Data below:
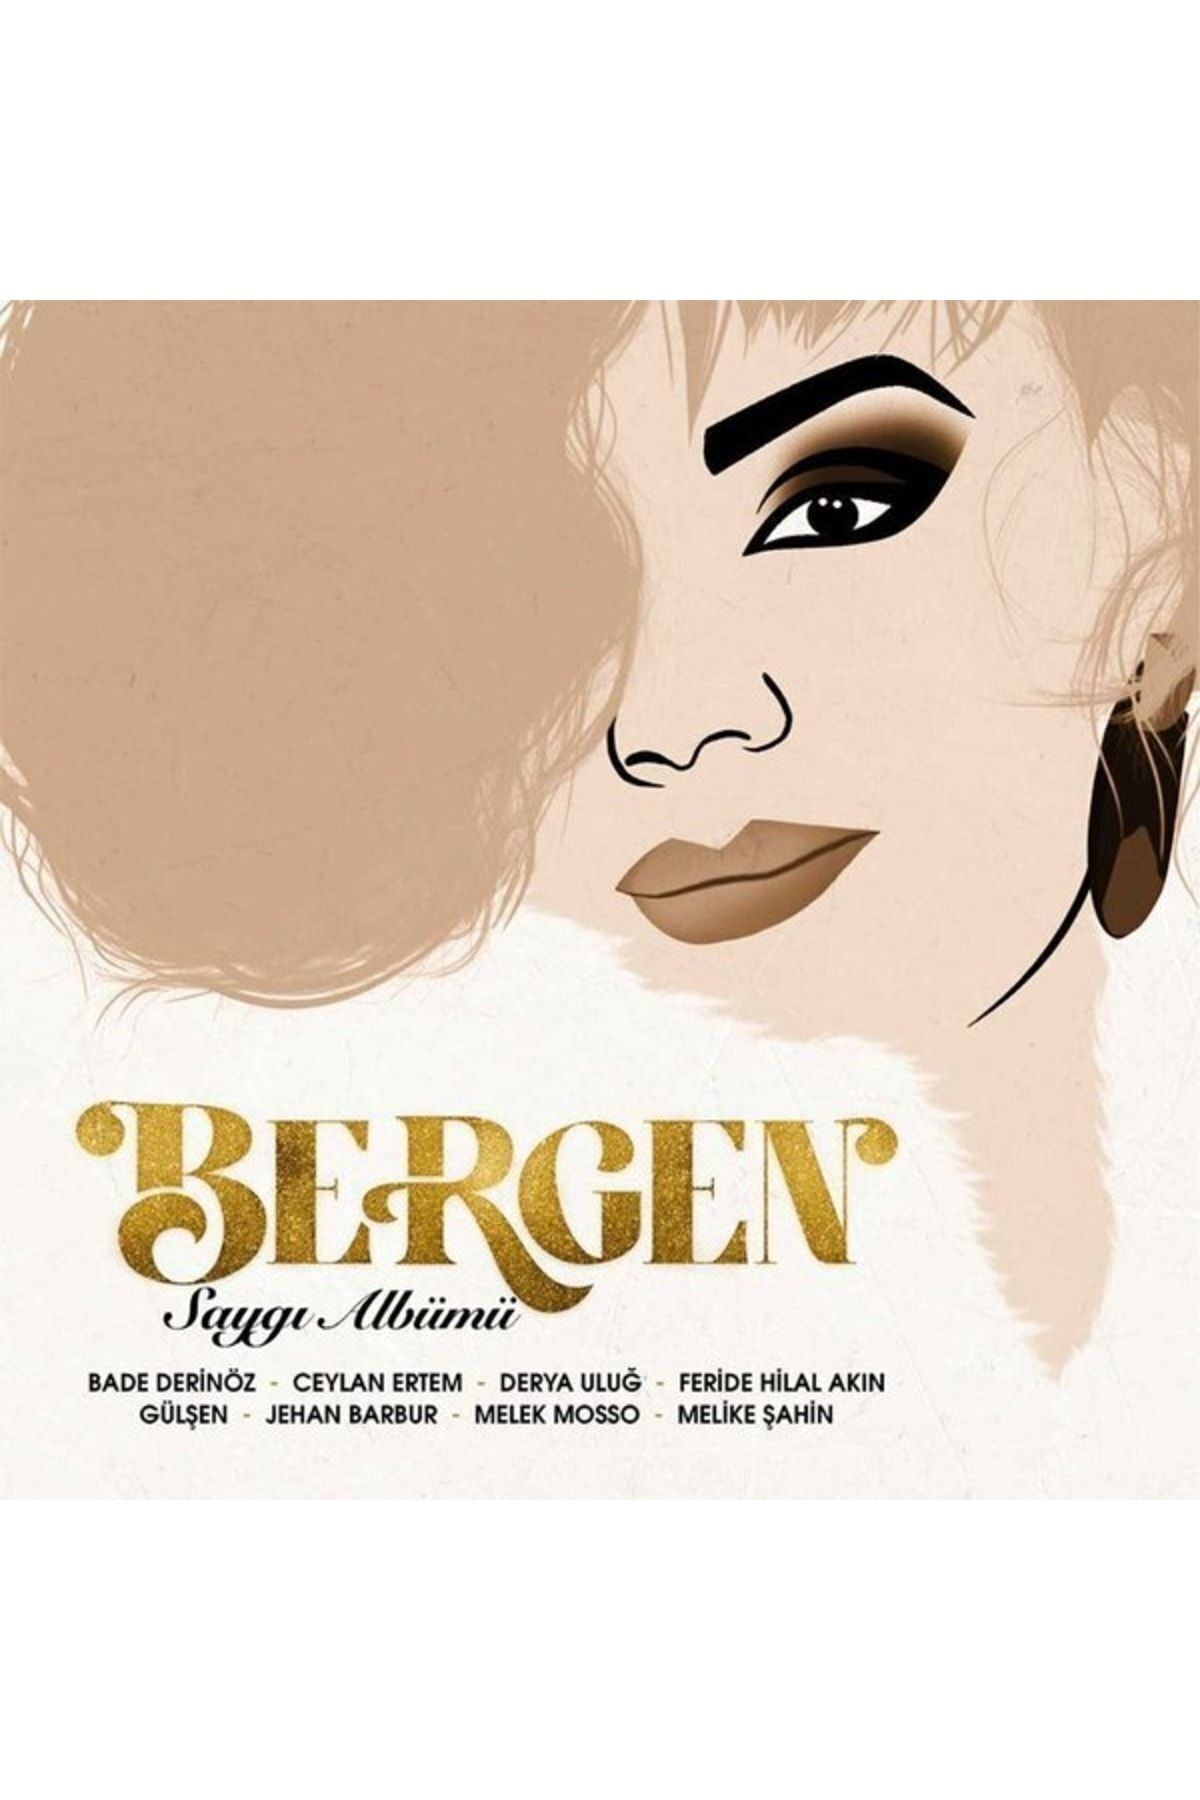 Genel Markalar Plak - Çeşitli Sanatçılar / Bergen Saygı Albümü
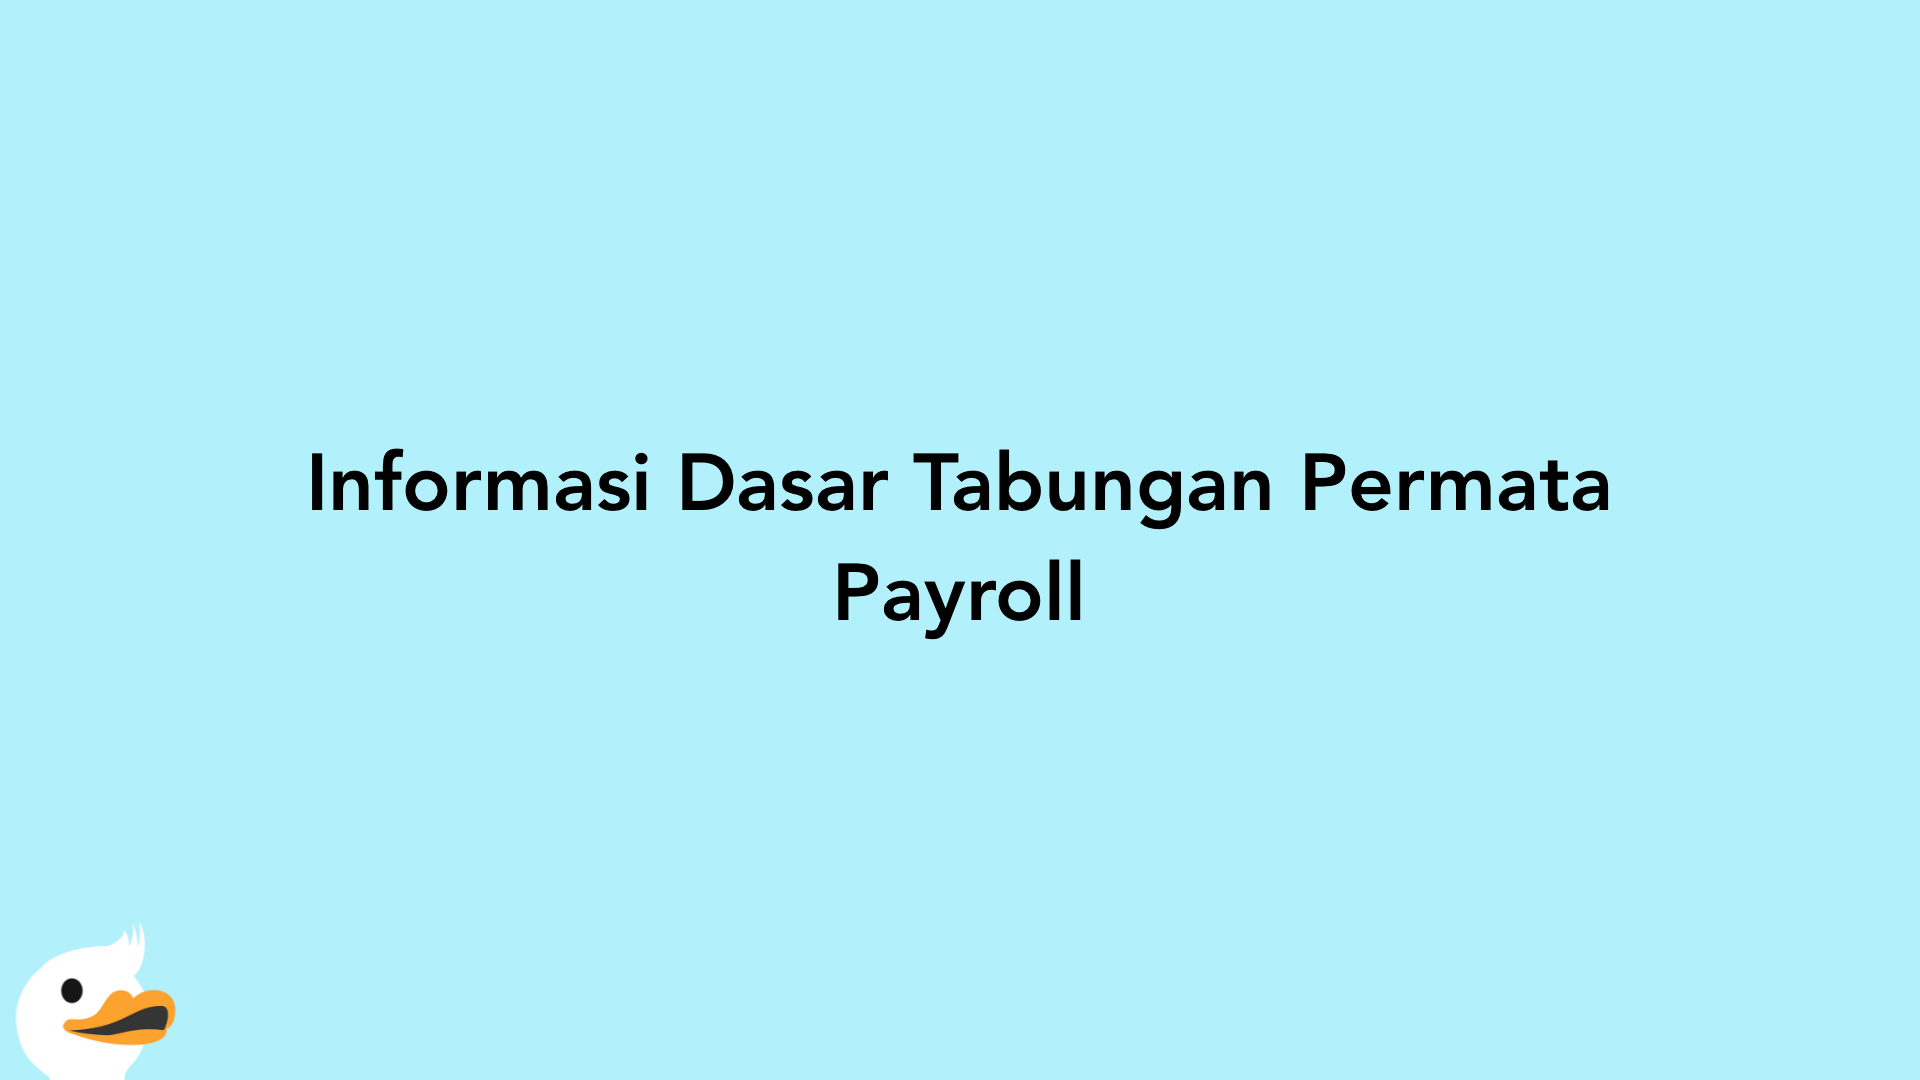 Informasi Dasar Tabungan Permata Payroll
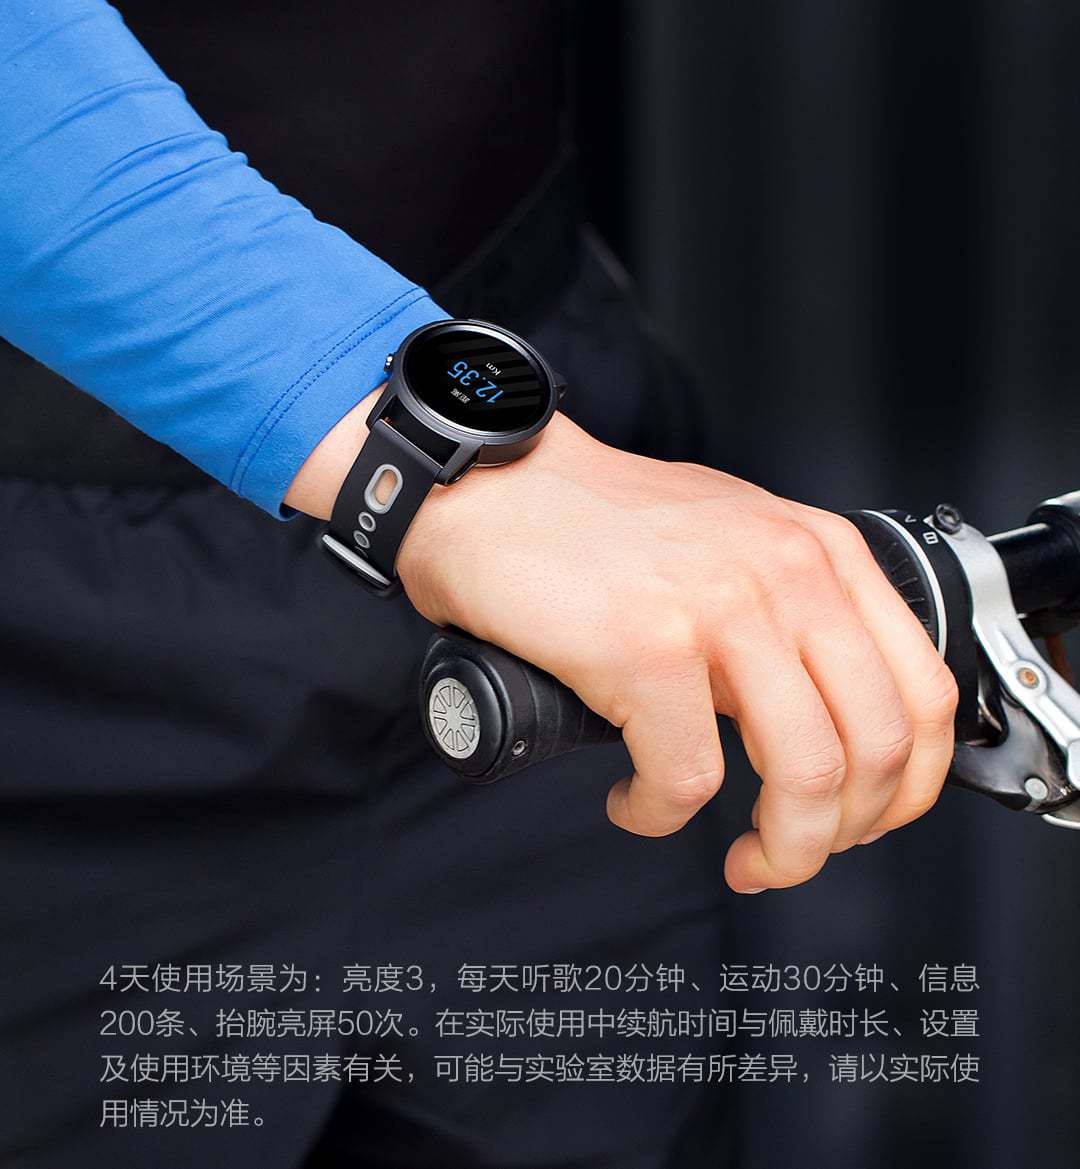 Xiaomi předvedlo tréninkové hodinky

Assignment: Every line of the listing is to be retyped exactly; pictures stay out.

Solution to this problem:
 Genel Markalar Plak - Çeşitli Sanatçılar / Bergen Saygı Albümü
 Informasi Dasar Tabungan Permata Payroll
 Xiaomi předvedlo tréninkové hodinky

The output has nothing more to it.